Coder Social home page Coder Social logo

dgod-experiment-logs's Introduction

Research experiment logs

My work is now focusing on combining Semantic Information with Domain Generation, so I write my experiment log here.

Baseline Result, it will change according to experience conducting.

AP for aeroplane = 0.5207
AP for bicycle = 0.7173
AP for bird = 0.5351
AP for boat = 0.3100
AP for bottle = 0.3818
AP for bus = 0.6089
AP for car = 0.7326
AP for cat = 0.6954
AP for chair = 0.3188
AP for cow = 0.6530
AP for diningtable = 0.3305
AP for dog = 0.6586
AP for horse = 0.7295
AP for motorbike = 0.7040
AP for person = 0.6577
AP for pottedplant = 0.2458
AP for sheep = 0.6090
AP for sofa = 0.5029
AP for train = 0.5915
AP for tvmonitor = 0.5937
Mean AP = 0.5548

Add new dataset

  • Modify __set in factory.py

  • add xxx.py into lib/dataset

  • Modify lib/model/utils/parser_func.py

  • And bdd100k.py modified for the different classes

2022.4.1

  • Server environment installed, now the code can run on the server.
  • Dataset I/O finished.
  • Loss added, and the whole code can run now.

while testing, the label of test set should be the same with source domain.

Next step is to add ROI on base feature.

2022.3.18

  • Add GRL to att_faster-R-CNN
  • Add semantic information projection in both base and roi.

Next to add loss on these codes, and DA settings.

2022.1.18

  • Reduce FC layer from 4 to 1 after ROI pooling.

Before: 0.1(logs lost yesterday)
After: 0.0589

It can be seen that reducing layers will decrease performance.
However, according result, it may be necessary to use class prototype!

Running on server with full VOC dataset!

2022.1.16

2022.1.14

在train阶段,会输出约2000个proposal,但只会抽取其中256个proposal来训练RPN的cls+reg结构(其中,128个前景proposal用来训练cls+reg。
So inbalance problem is not a problem.

2022.1.7

  • Replace cosine similarity with L2 distrance. The problem still exists.

Tired.

2021.12.28

Plan B is to project feature map into semantic space, and semantic space are argumented by self attention module.

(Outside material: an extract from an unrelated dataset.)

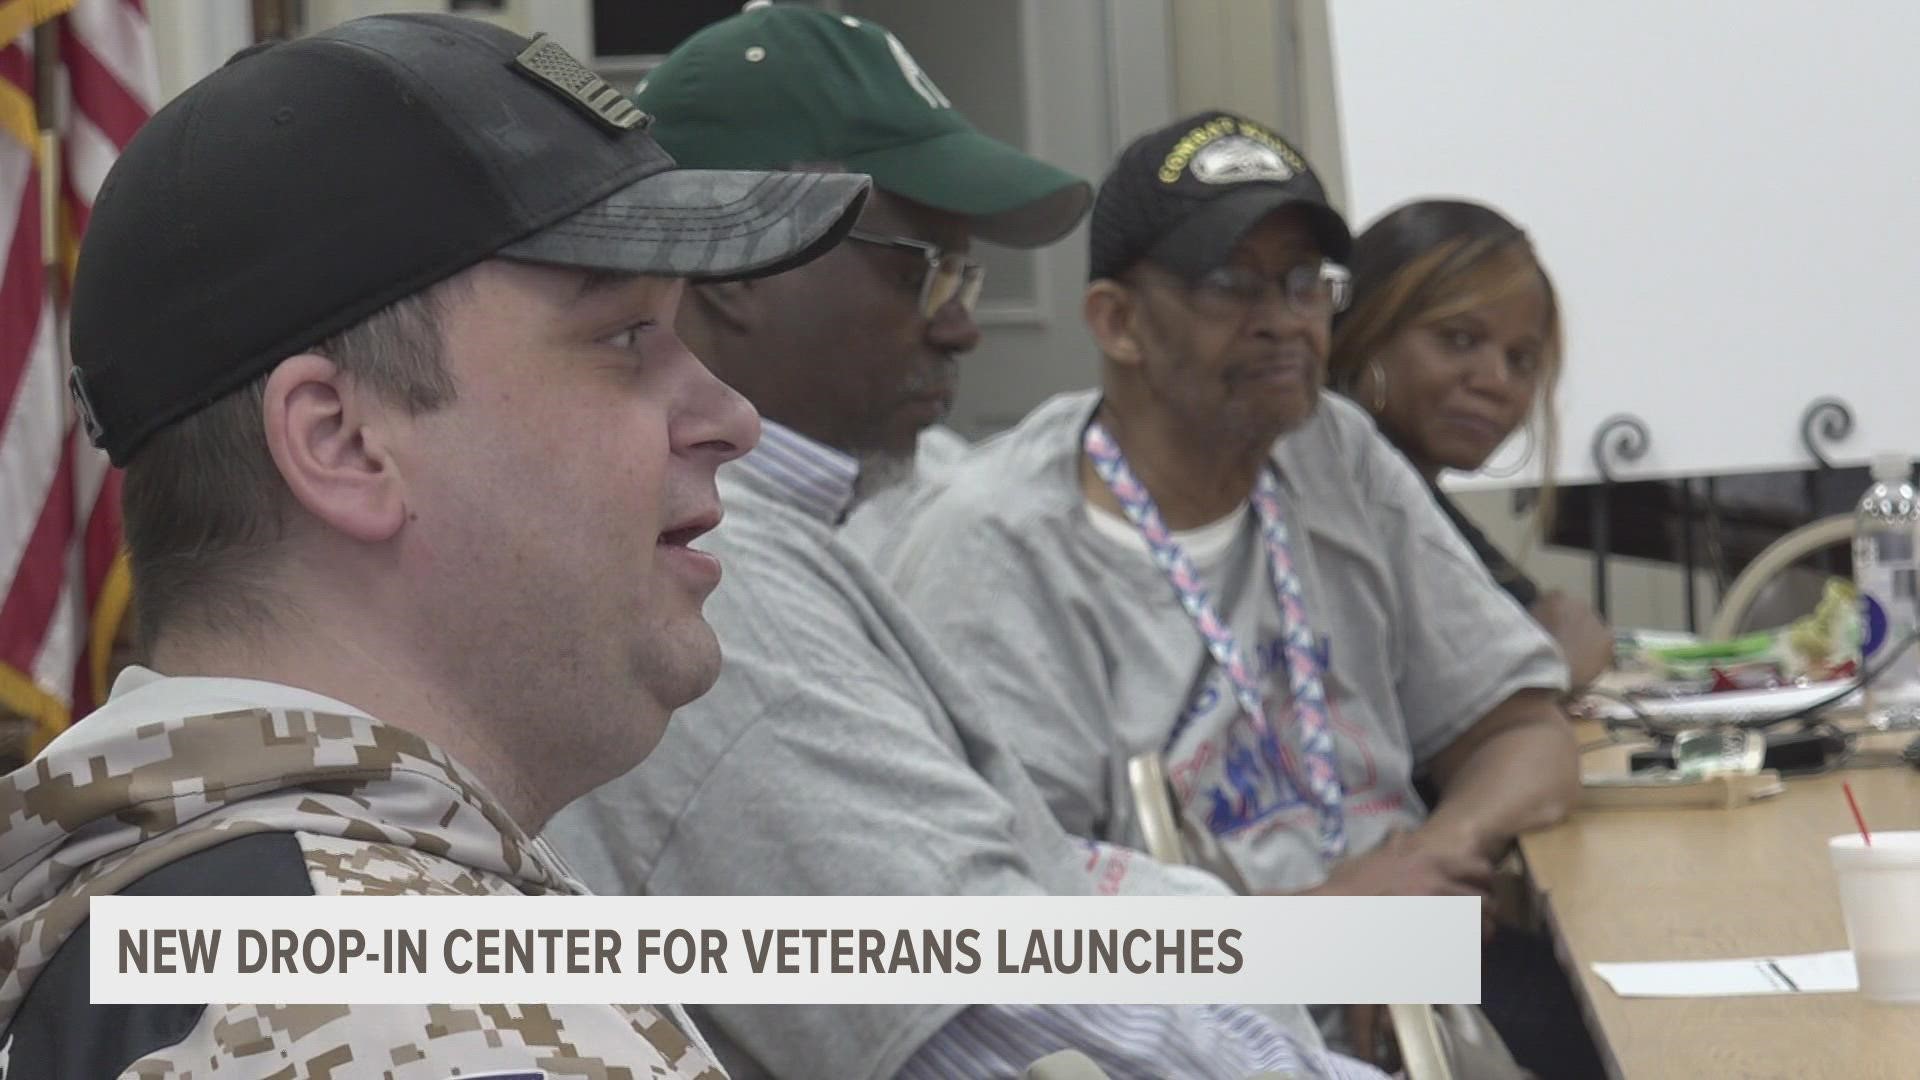 The organization officially formed earlier this year and they want their own location, which can be a place where veterans can call home.

Codes are not completely to the reference paper, and the code are private. So I implemented by myself.

Result:

AP for aeroplane = 0.3687
AP for bicycle = 0.6198
AP for bird = 0.4262
AP for boat = 0.2318
AP for bottle = 0.3391
AP for bus = 0.4852
AP for car = 0.6773
AP for cat = 0.5676
AP for chair = 0.2627
AP for cow = 0.5325
AP for diningtable = 0.3137
AP for dog = 0.5510
AP for horse = 0.6349
AP for motorbike = 0.6137
AP for person = 0.6086
AP for pottedplant = 0.2170
AP for sheep = 0.5128
AP for sofa = 0.3862
AP for train = 0.4454
AP for tvmonitor = 0.5008
Mean AP = 0.4647

It still has performance drop.

2021.12.27

  • Change Loss from Smooth L1 to MSE.
  • Add more layers after ROI Pooling.

Is nn functional must be initialized in init()? Maybe this is another bug before.

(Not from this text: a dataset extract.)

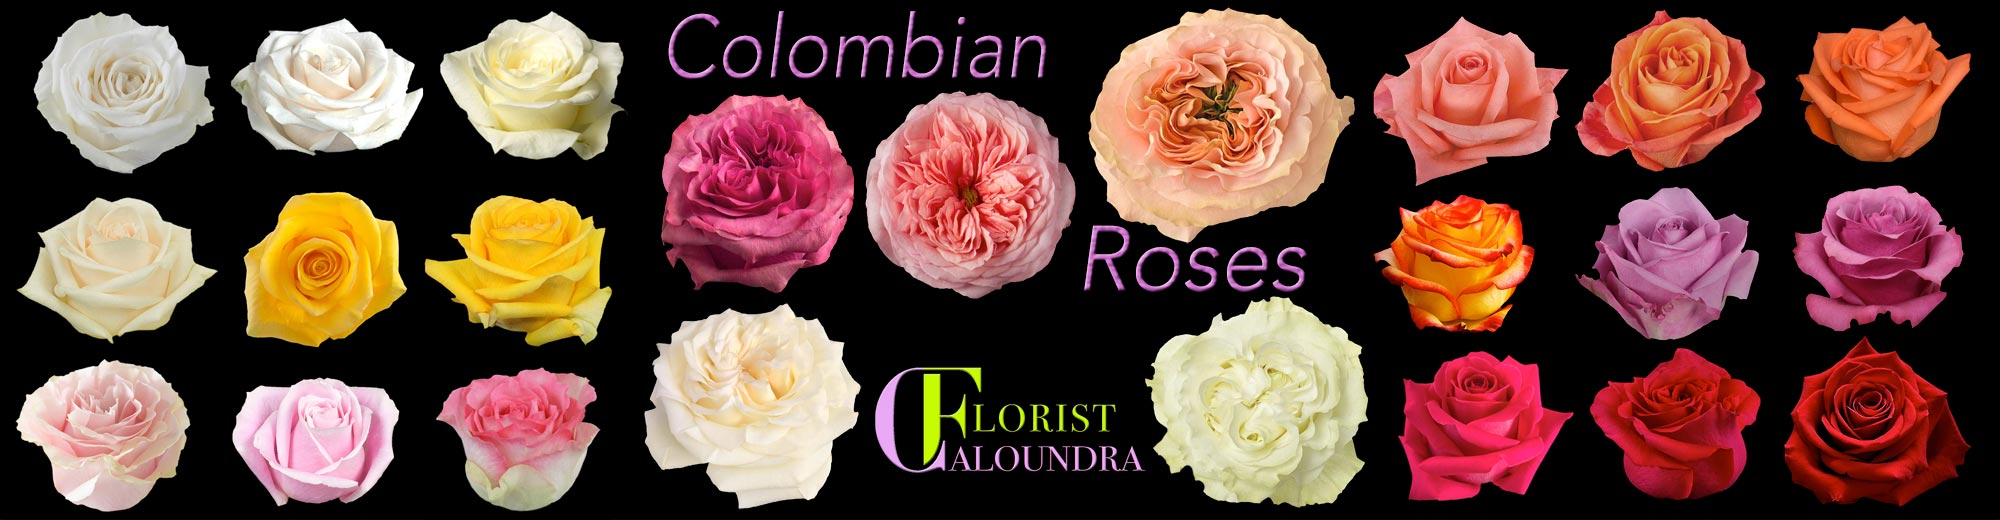 COLOMBIAN ROSES

This time I use nn.MSELoss and initialized to be an object.

God bless this code...

AP for aeroplane = 0.0000
AP for bicycle = 0.0047
AP for bird = 0.0085
AP for boat = 0.0001
AP for bottle = 0.0000
AP for bus = 0.0000
AP for car = 0.0134
AP for cat = 0.0111
AP for chair = 0.0019
AP for cow = 0.0296
AP for diningtable = 0.0012
AP for dog = 0.0215
AP for horse = 0.0238
AP for motorbike = 0.0119
AP for person = 0.4322
AP for pottedplant = 0.0000
AP for sheep = 0.0114
AP for sofa = 0.0066
AP for train = 0.0000
AP for tvmonitor = 0.0034
Mean AP = 0.0291

Here I guess I might change the method of getting acc. Cosine similarity may not be good enough.

After studying mAP calculation, the problem is that most ROIs have higgest acc on background so that these data will not be feed into mAP calculation.
There are several possible problems:

  • High background/background rate(But why it didn't affect one hot encoding).
  • Cosine similarity.
  • Mapping layers from feature map to semantic vector are not deep enough(Now deepest is 4).

Next step is to try Plan B, and ask tutor for help.


2021.12.25

Merry Christmas!

Result after debugging twice:
AP for aeroplane = 0.0023
AP for bicycle = 0.1045
AP for bird = 0.0527
AP for boat = 0.0021
AP for bottle = 0.0161
AP for bus = 0.0145
AP for car = 0.3028
AP for cat = 0.0893
AP for chair = 0.1002
AP for cow = 0.1342
AP for diningtable = 0.0006
AP for dog = 0.1770
AP for horse = 0.0709
AP for motorbike = 0.0476
AP for person = 0.4382
AP for pottedplant = 0.0026
AP for sheep = 0.1459
AP for sofa = 0.0108
AP for train = 0.0136
AP for tvmonitor = 0.0456
Mean AP = 0.0886

However, background it still have higgest probability.


2021.12.24

Christmas Eve, Starbucks chocolate drinks from zy, thx.

  • A bug was found in faster_rcnn.py, line 68.
  • Word vectors are generated from index of label words, not the word itself.
  • Code in test_net.py also made this mistake, fixed.
  • Bug fixed and retraining networks with 'true' semantic labels...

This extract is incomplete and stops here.